Prosecutors have charged Holmes, 25, with multiple counts of first-degree murder and attempted murder for the rampage that also left two dozen others wounded or injured.
The former University of Colorado neuroscience graduate student has pleaded not guilty by reason of insanity. Defense lawyers said in recent court filings their client was “in the throes of a psychotic episode” when he went on the shooting spree.
Prosecutors want to use the question Holmes posed on an online dating profile before the massacre to show that he was capable of distinguishing right from wrong, which could undermine his insanity defense.
Public defenders sought to have the prison visitation question - and other data investigators mined from two dating websites Holmes allegedly used - suppressed as irrelevant and prejudicial.
The statement should be inadmissible, they argued, because there is no way to establish what the question meant.
But Arapahoe County District Court Judge Carlos Samour Jr. agreed with prosecutors that the statement’s meaning was clear.

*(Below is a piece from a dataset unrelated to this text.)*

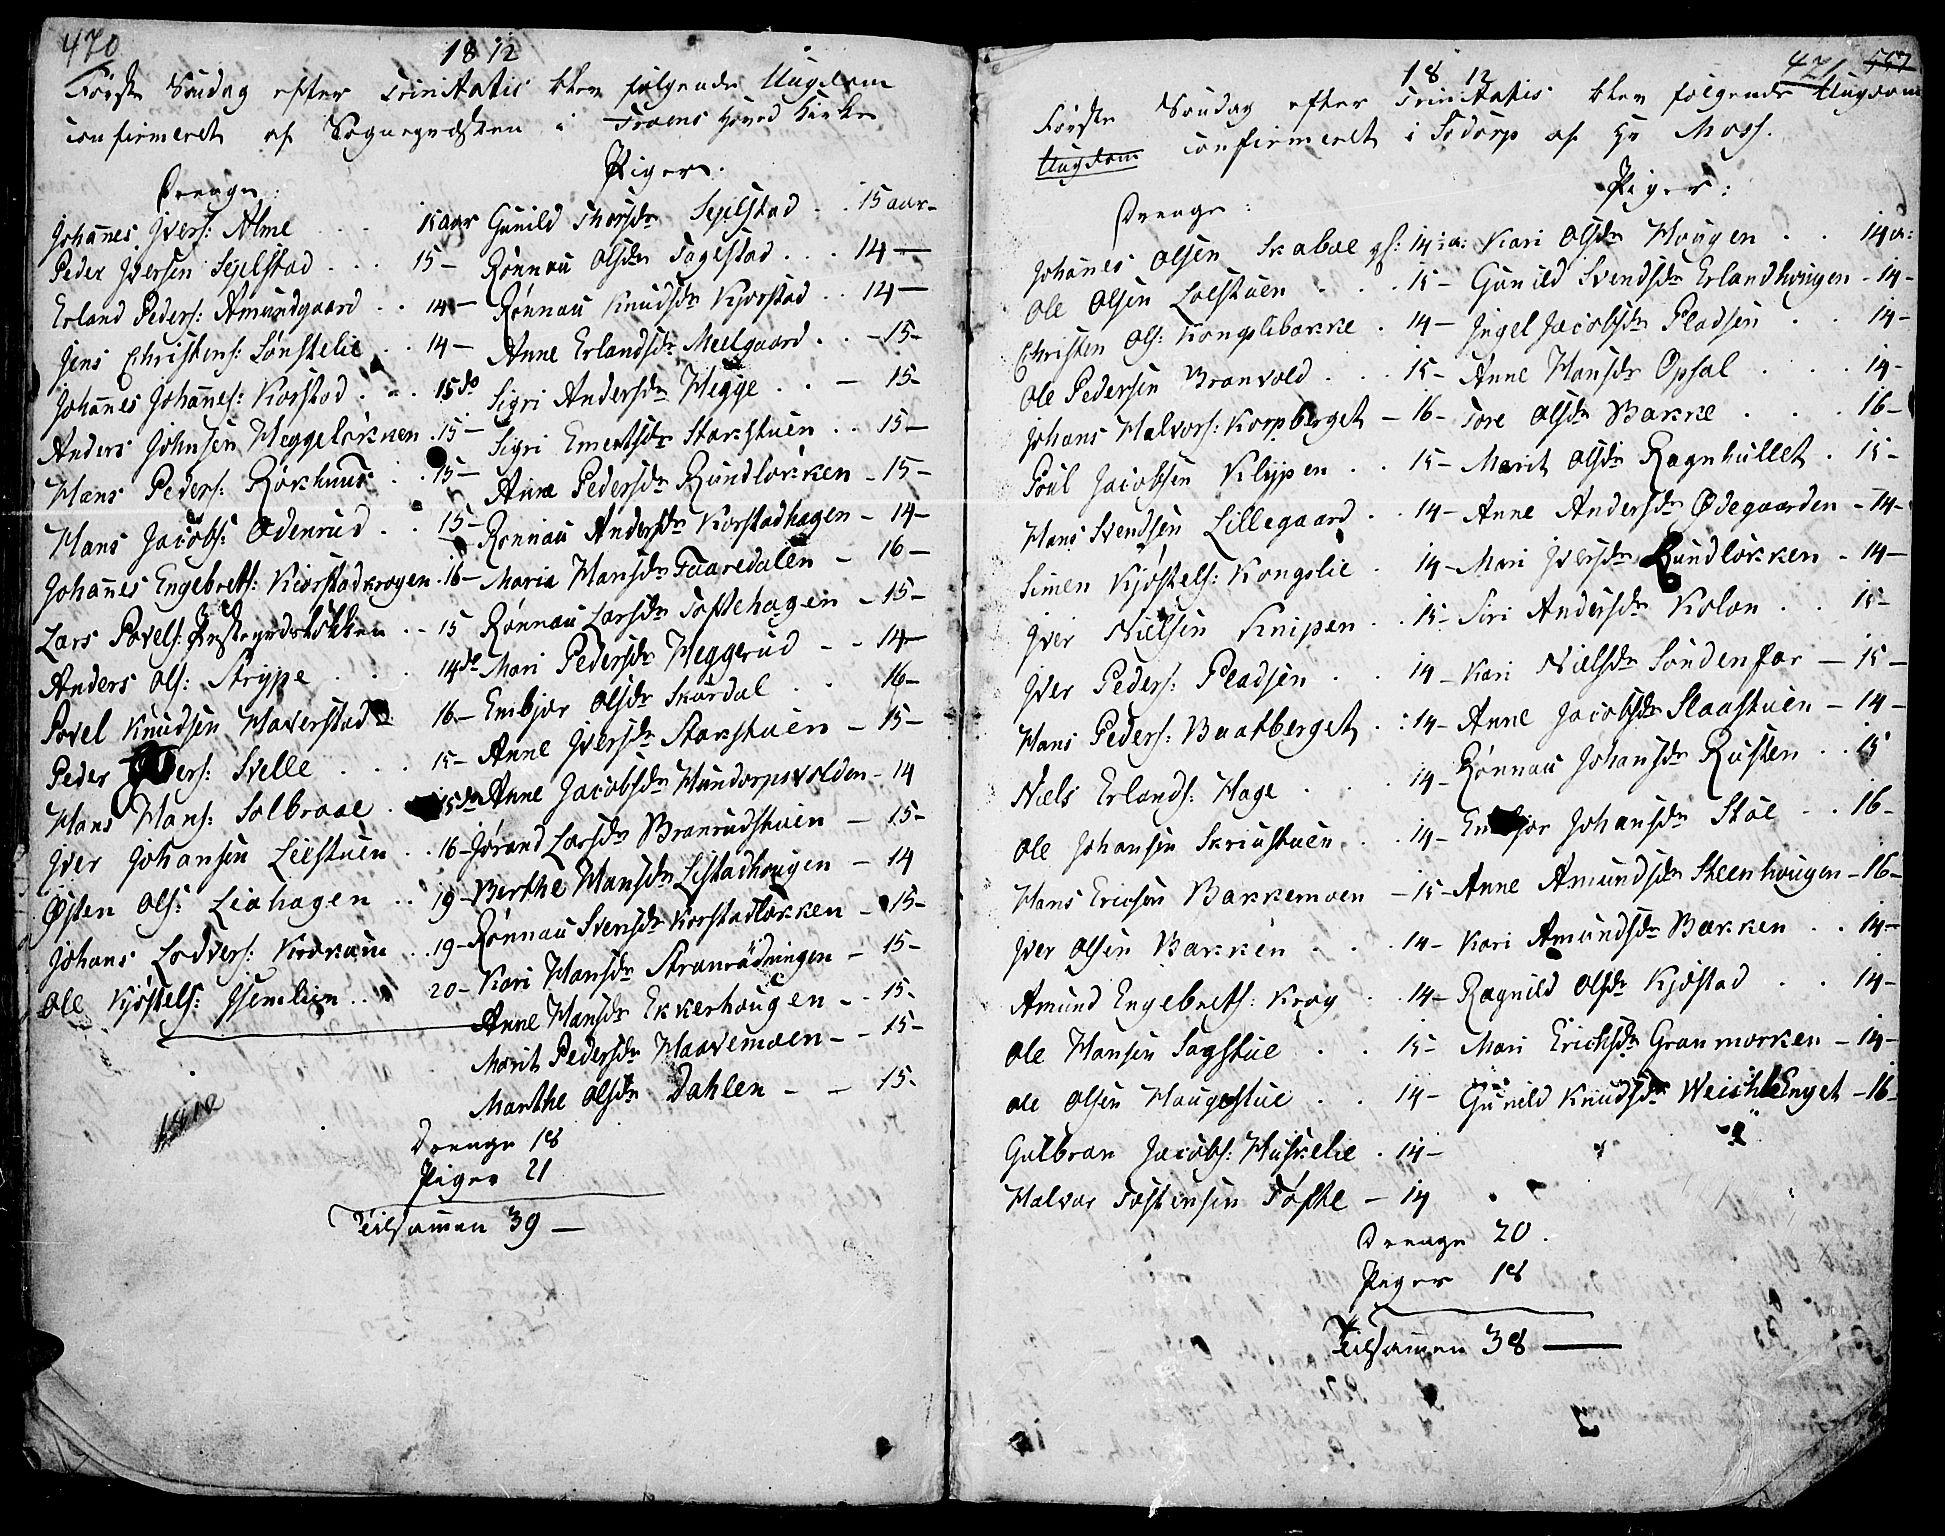 SAH, Fron prestekontor, H/Ha/Haa/L0001: Ministerialbok nr. 1, 1799-1816, s. 470-471

“(A) reasonable inference may be drawn that the user of the accounts posted the question because he anticipated doing something that he was aware would warrant prison time,” the judge wrote.
Samour also said a photograph Holmes posted on one of the websites with his hair dyed red was also relevant for identification purposes since he had the distinctive hair color when he was arrested after the shootings.
While the ruling on the dating site question was a blow to the defense, it is no surprise the judge denied the motion, according to longtime Colorado defense lawyer Mark C. Johnson.
“Unless it’s a statement made during a police interrogation, the legal standard for relevancy is relatively low,” said Johnson, who has tried more than 100 felony cases.
Nor is it surprising that Holmes’ lawyers would attempt to suppress as much evidence as they can, he said.
“In death penalty litigation, you raise every conceivable legal challenge because at stake is the very life of your client,” Johnson said.
Holmes’ trial is scheduled to begin in February.